**Exercise input**
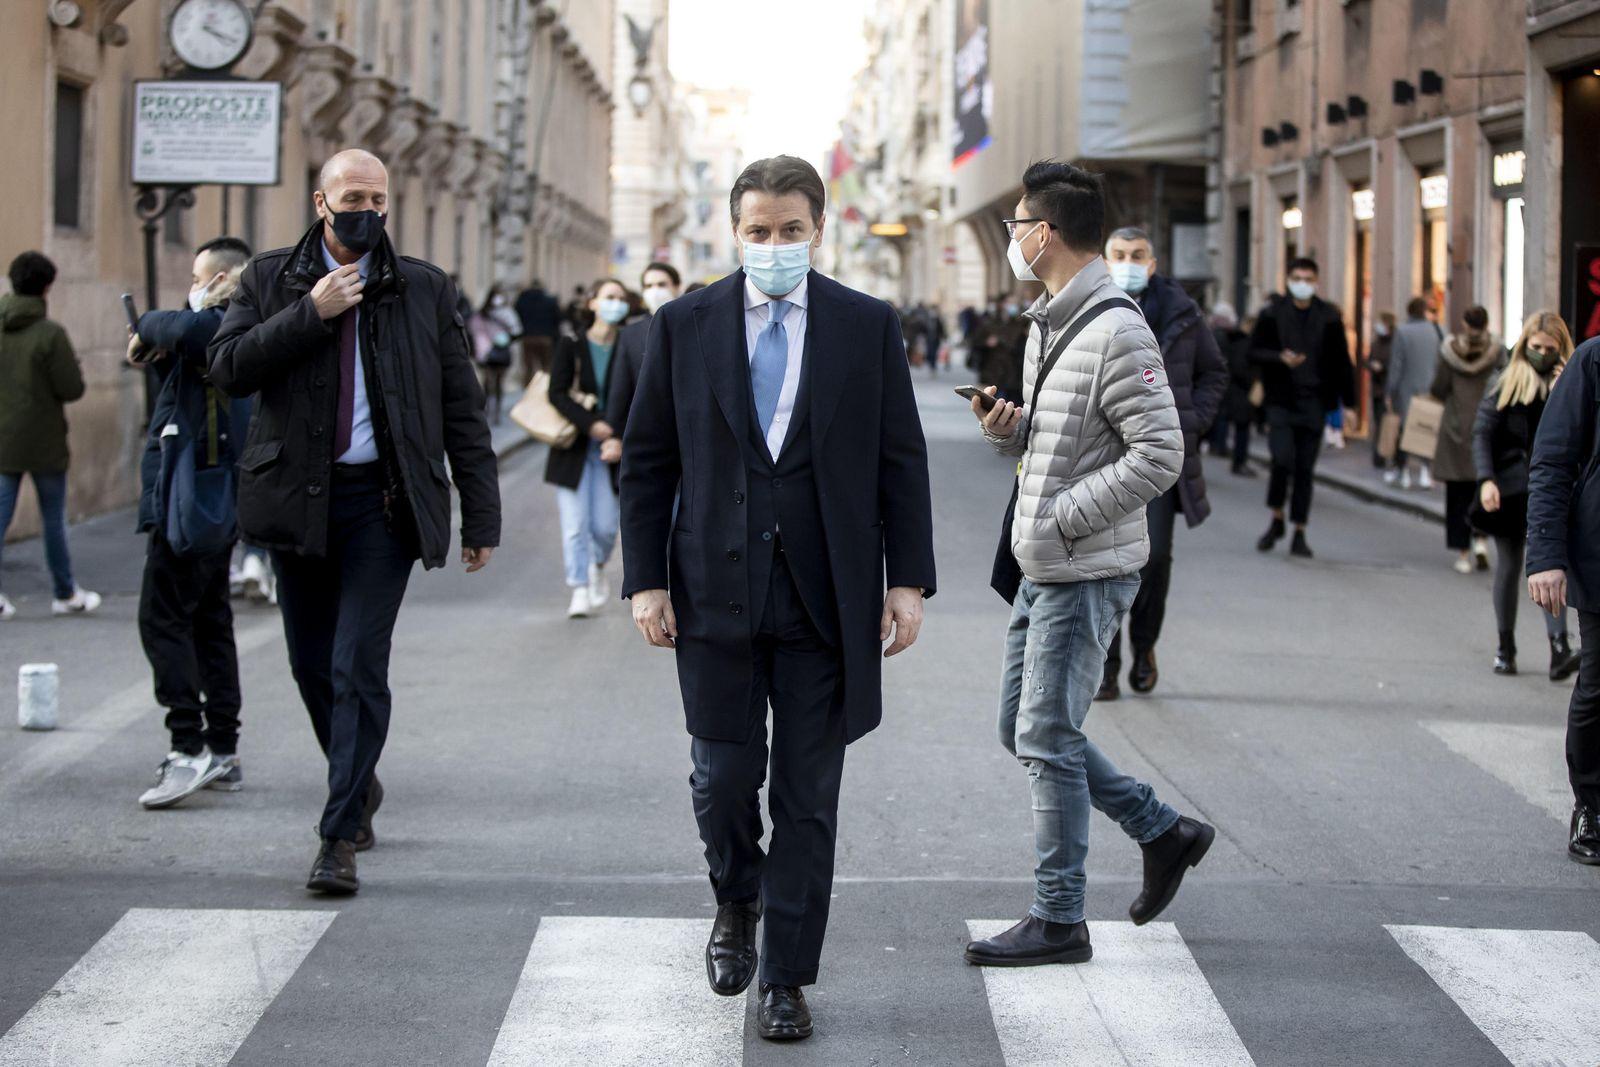 Italian Prime Minister Giuseppe Conte in Rome, Italy - 12 Jan 2021
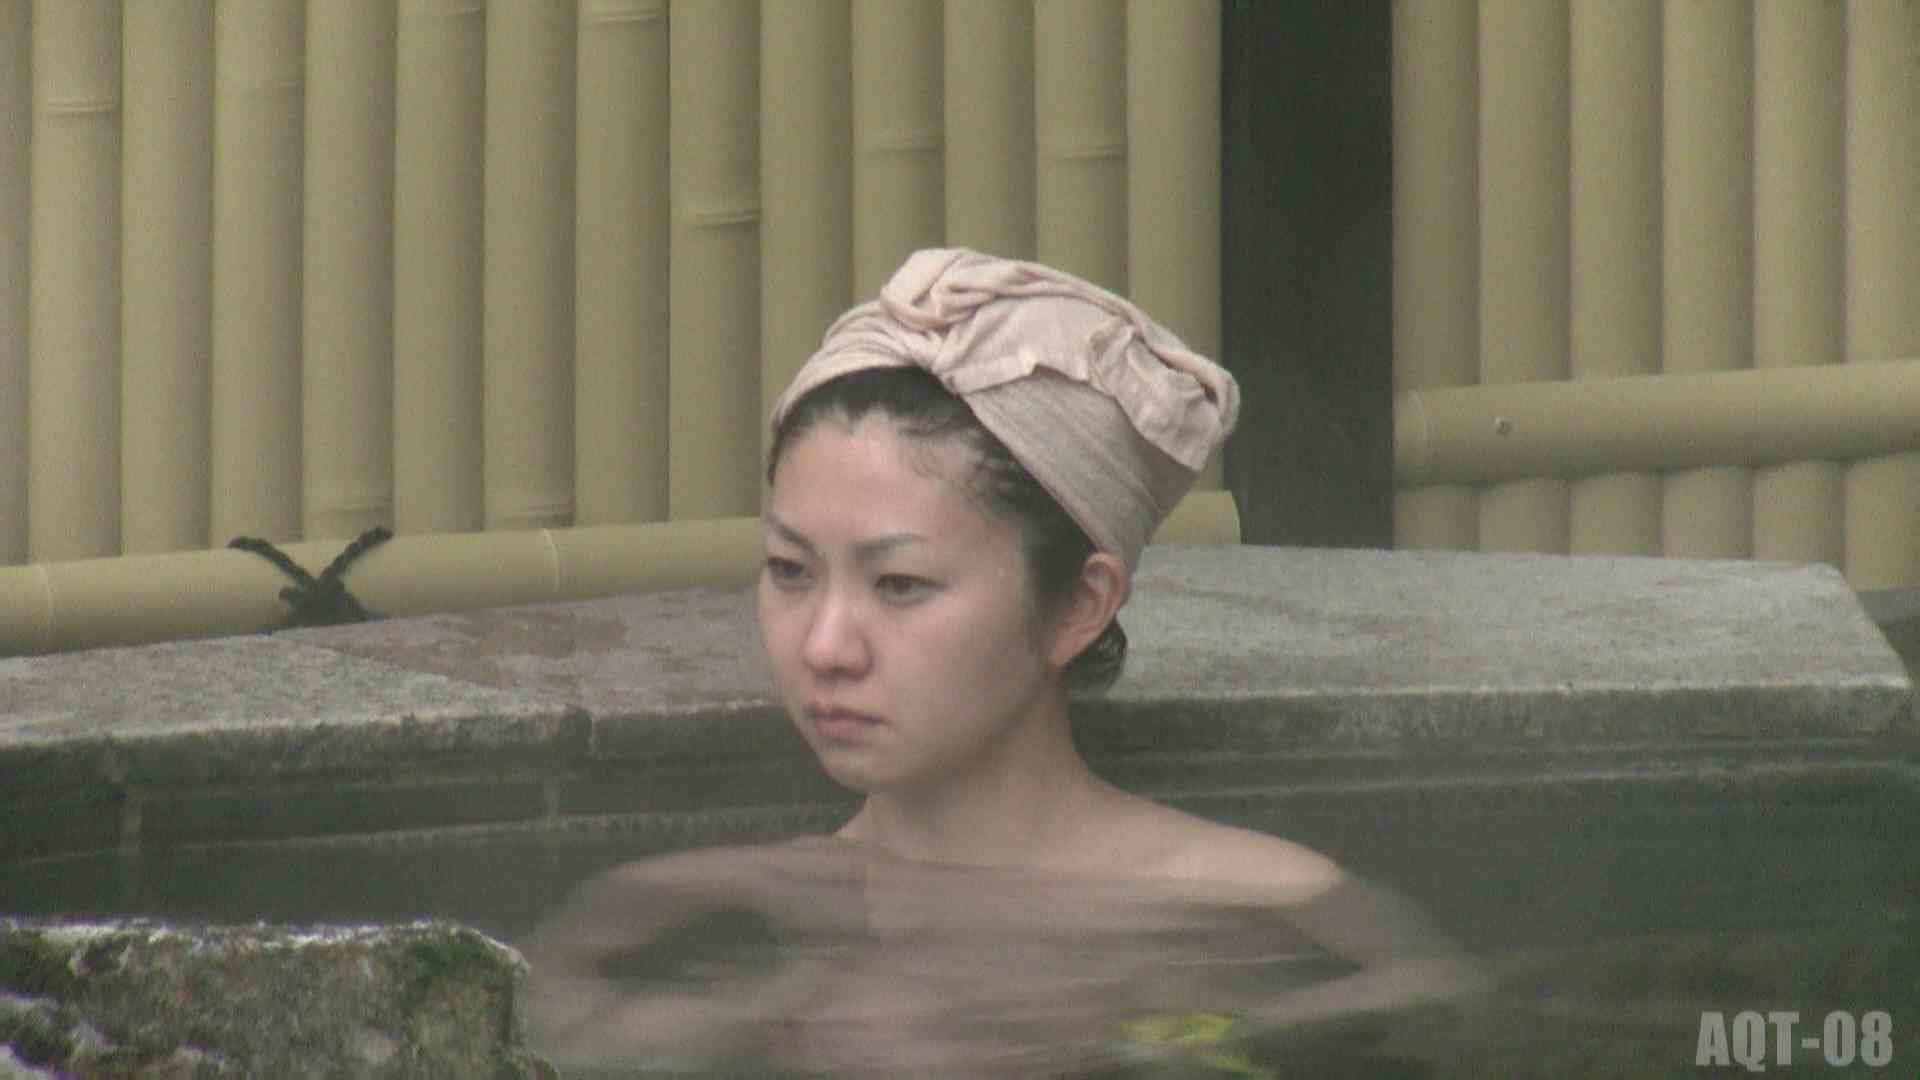 Aquaな露天風呂Vol.772 OL女体  39連発 15
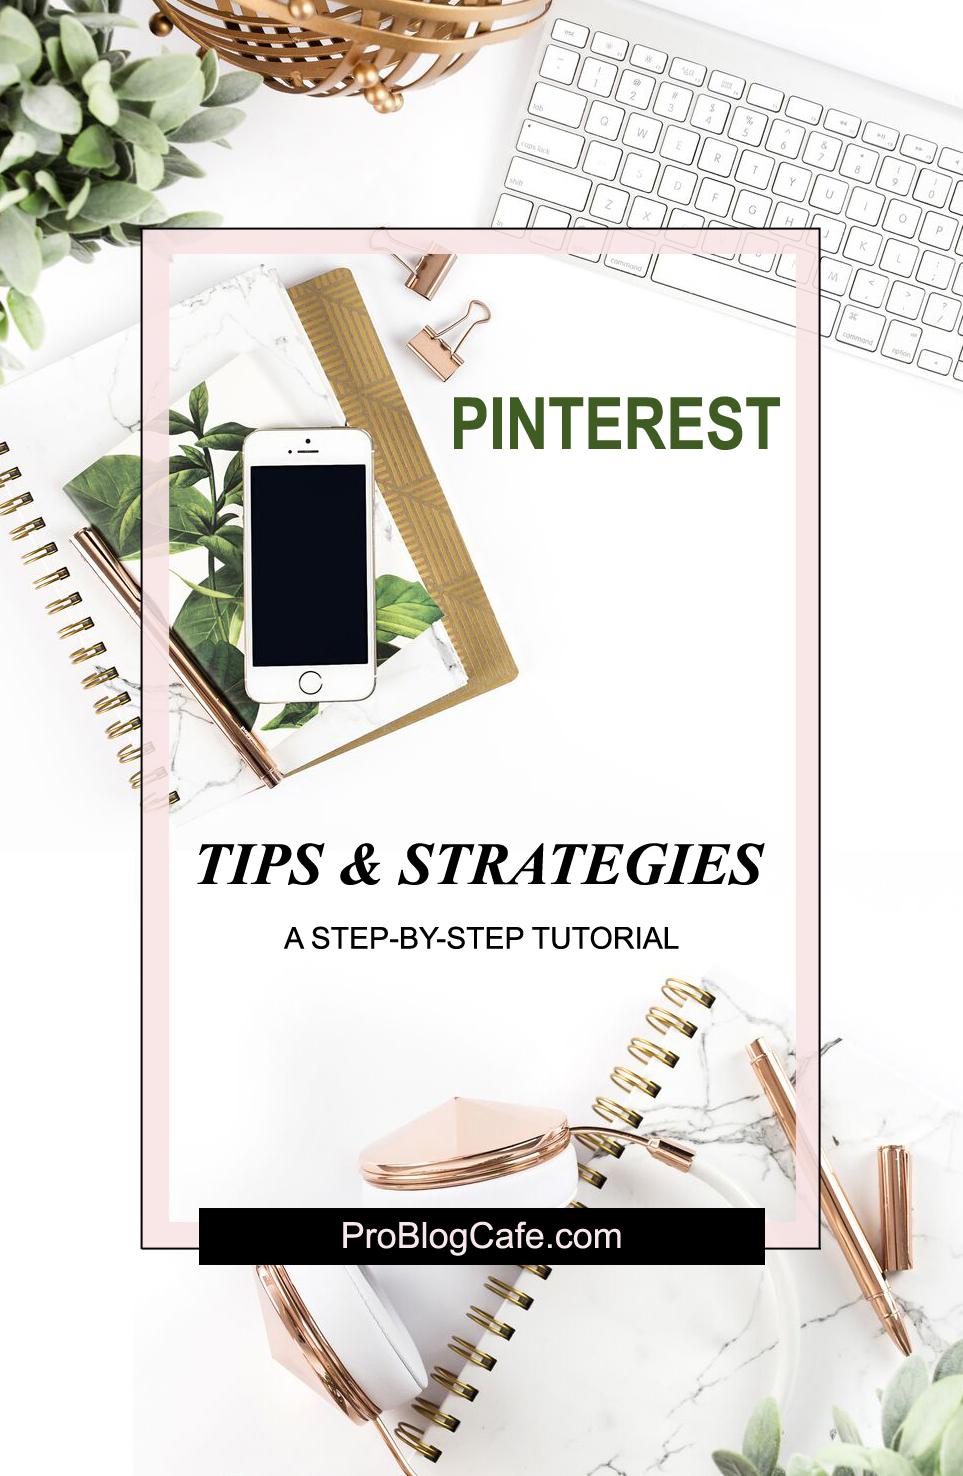 Achieve Success with Pinterest
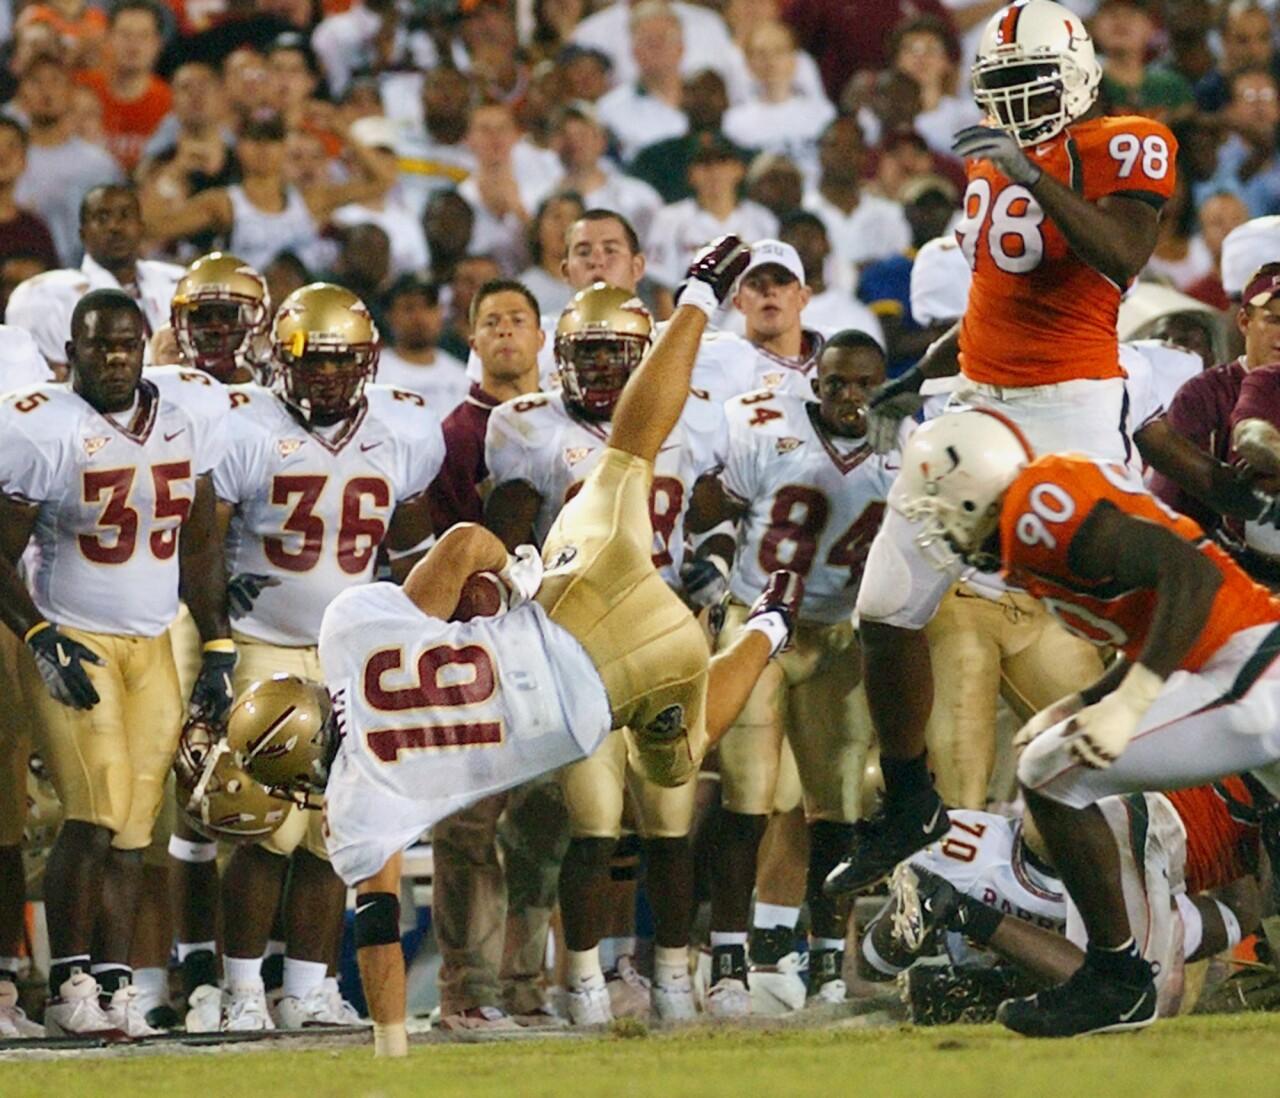 Florida State Seminoles QB Chris Rix leaps for yardage at Miami Hurricanes in 2004
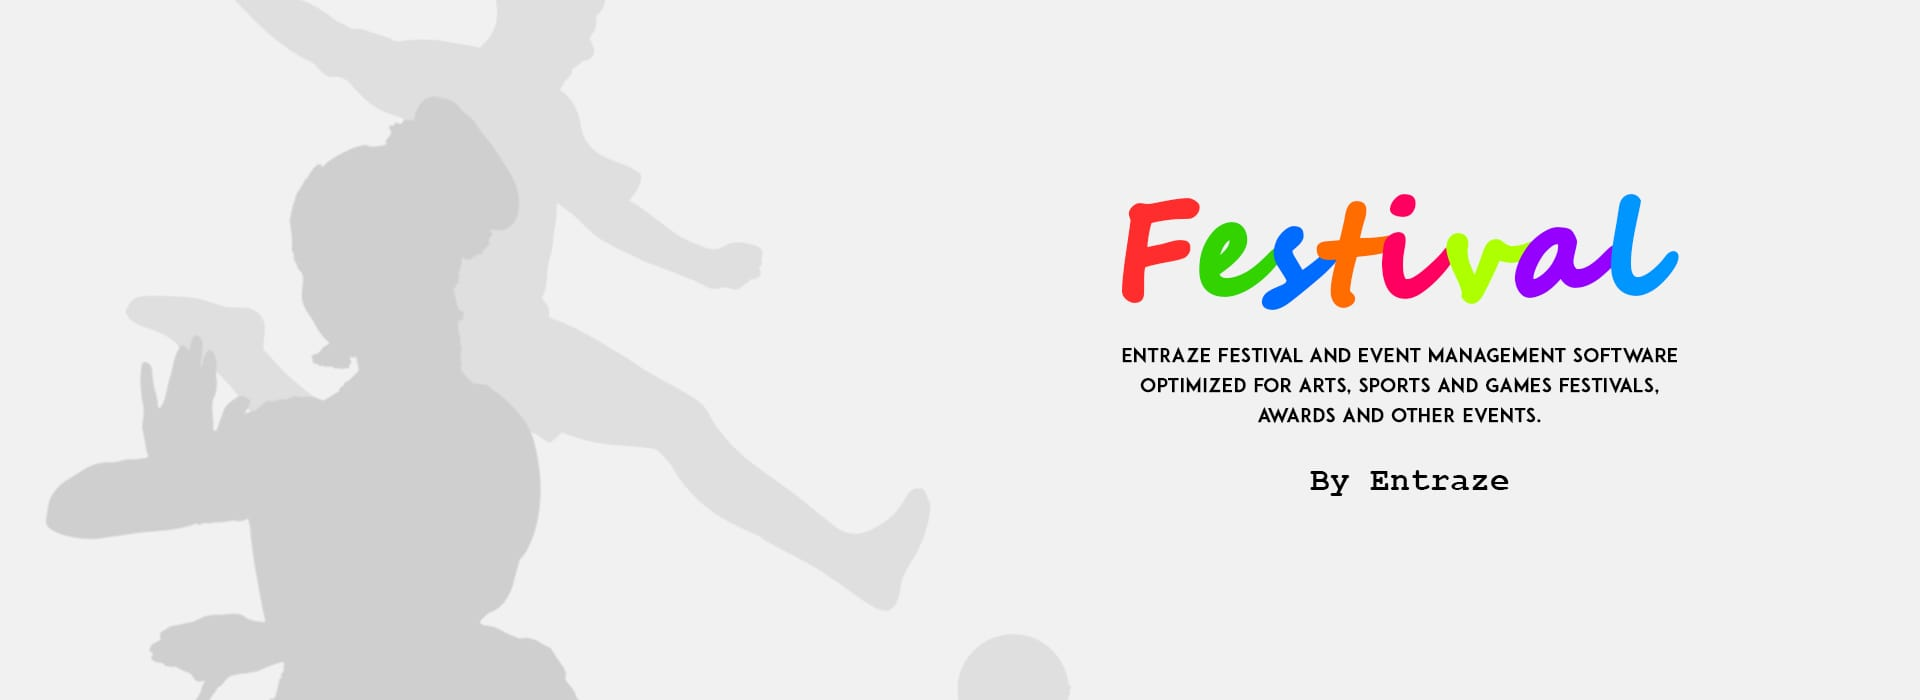 Entraze Festival
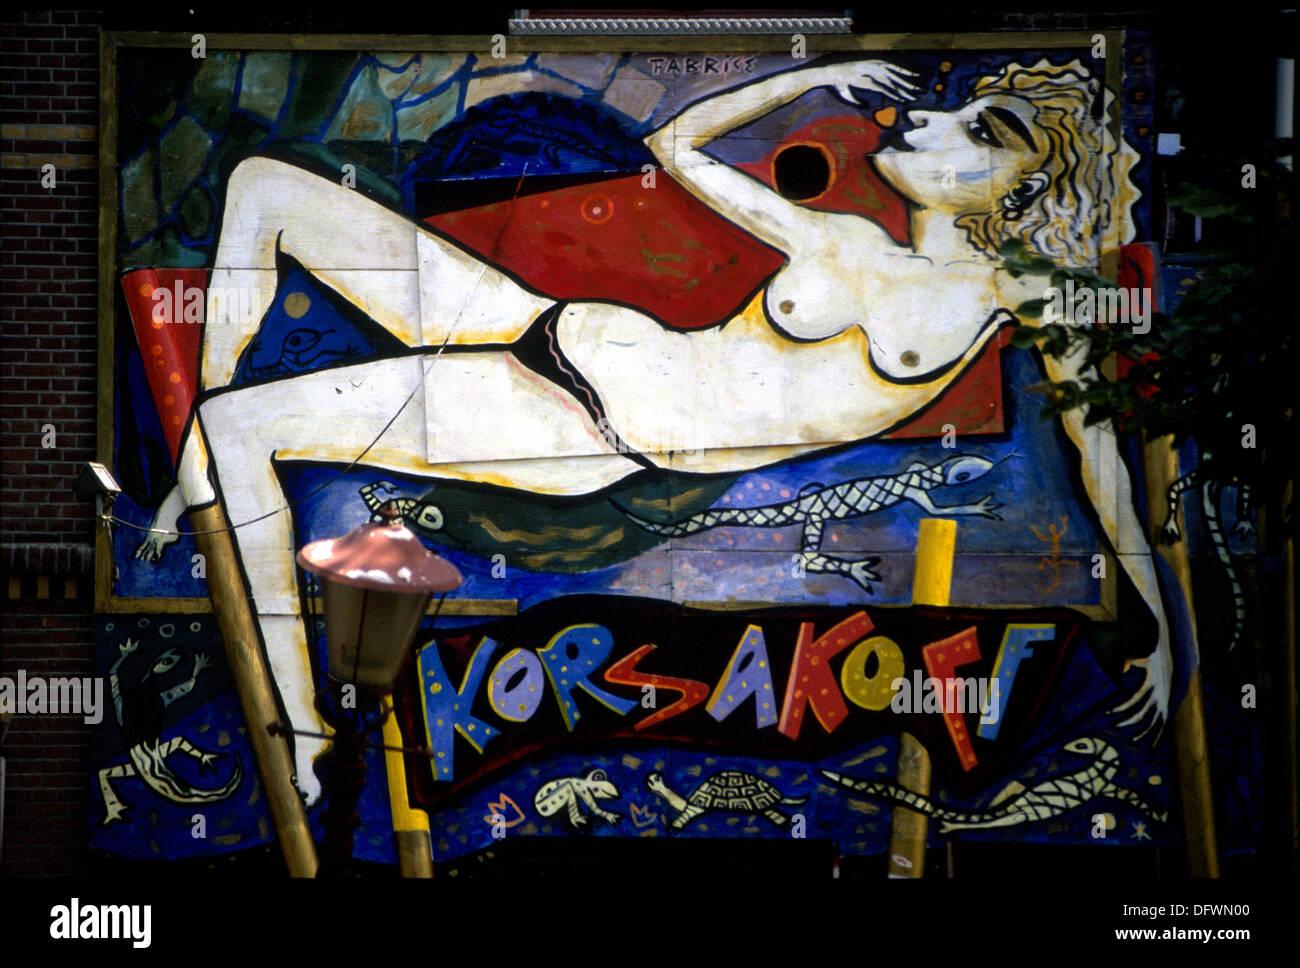 korsakoff-underground-music-club-amsterd

**What you will do**
Copy every line of the records exactly as it is written, but not the pictures.

**Answer space**
 Italian Prime Minister Giuseppe Conte in Rome, Italy - 12 Jan 2021
 Aquaな露天風呂Vol.772 OL女体  39連発 15
 Achieve Success with Pinterest
 Florida State Seminoles QB Chris Rix leaps for yardage at Miami Hurricanes in 2004
 Entraze Festival
 korsakoff-underground-music-club-amsterd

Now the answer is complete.